Era tudo quer precisava naquele momento! Mas na verdade, aquela era a tampa do
sistema elétrico que apesar dos bonitos dizeres lhe trazia a recordação
bastante sombria da morte de sua amiga do teatro, vítima de uma explosão. Só no
Rio de Janeiro bueiros são também campos minados prestes a explodir em qualquer
momento. Como confiar em seu namorado em uma cidade onde não se pode confiar
nem na lei da gravidade? Onde não se pode confiar nem que os tampos de bueiros
vão permanecer no chão? Foi quando avistou a frase: "A vida é curta para
se pequena", escrita em mais um muro a tinta, e sentiu que era preciso
seguir o seu caminho.
Resolveu
correr para a Glória, onde havia oferta de um quarto para alugar em um
apartamento. Resolveu ir de metro e lá chegando ocorreu uma situação engraçada.

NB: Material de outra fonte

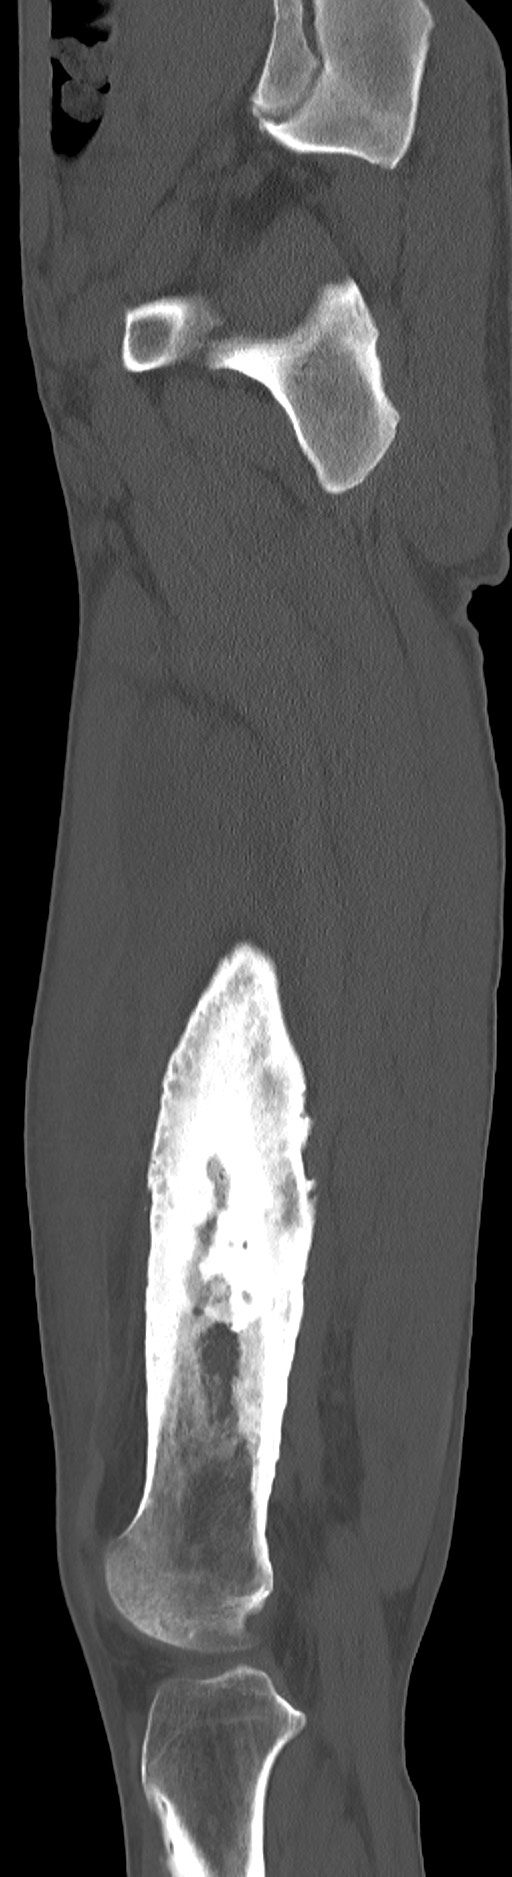 Chronic osteomyelitis (with sequestrum) (Radiopaedia 74813-85822 C 74).jpg

Avistou três avisos "sem saída!" mas viu algumas pessoas subindo as
escadas ignorando tais sinais. Catarina refletiu sobre seu momento de vida,
pois também se sentia "sem saída", mas resolveu acreditar naquelas
pessoas ali subindo. E não é que tinha saída? Subindo a rua Benjamin Constant,
Catarina começou a se sentir melhor, achando boa a perspectiva de viver em um
bairro com um nome tão significativo. "É a Glória!" Nesse momento,
viu escrito no muro a frase: "Antes arte do que nunca" e se lembrou
dos momentos bonitos que viveu em apresentações de teatro na rua e como seria
difícil deixar essa cidade.
Chegando
no apartamento, uma república, na verdade, conheceu aqueles que seriam seus
futuros colegas de casa. Eram todos artistas na mesma situação que ela. Lhe
disseram que tudo ficaria bem pois estavam no sopé de Santa Tereza, que era a
padroeira dos artistas. O valor do quarto também era bem mais barato que seu
aluguel de conjugado em Botafogo. E aproveitando que era uma quarta-feira, a
convidaram para conhecer a roda de choro da Rua do Fialho. No caminho, ainda
avistou um pequeno lambe lambe colado em um muro escrito "Mais amor por
favor" e isso aconteceu no mesmo momento em que recebeu uma mensagem no
celular de Pedro escrito: "Por que rimar amor com dor?/ O amor tece".
Por
estar distraída olhando o celular acabou esbarrando sem querer em uma jovem e viu
seu corpo coberto de purpurina e teve convicção que provavelmente teria sido
isso que havia acontecido com Pedro. Afinal de contar, no Rio a purpurina é uma
constante, está em toda parte sem nem precisar ser Carnaval. E é essa é só uma
das coisas que torna essa cidade tão especial! Então ela o convidou para o
chorinho e Catarina reatou o namoro com Pedro e a cidade do Rio de Janeiro.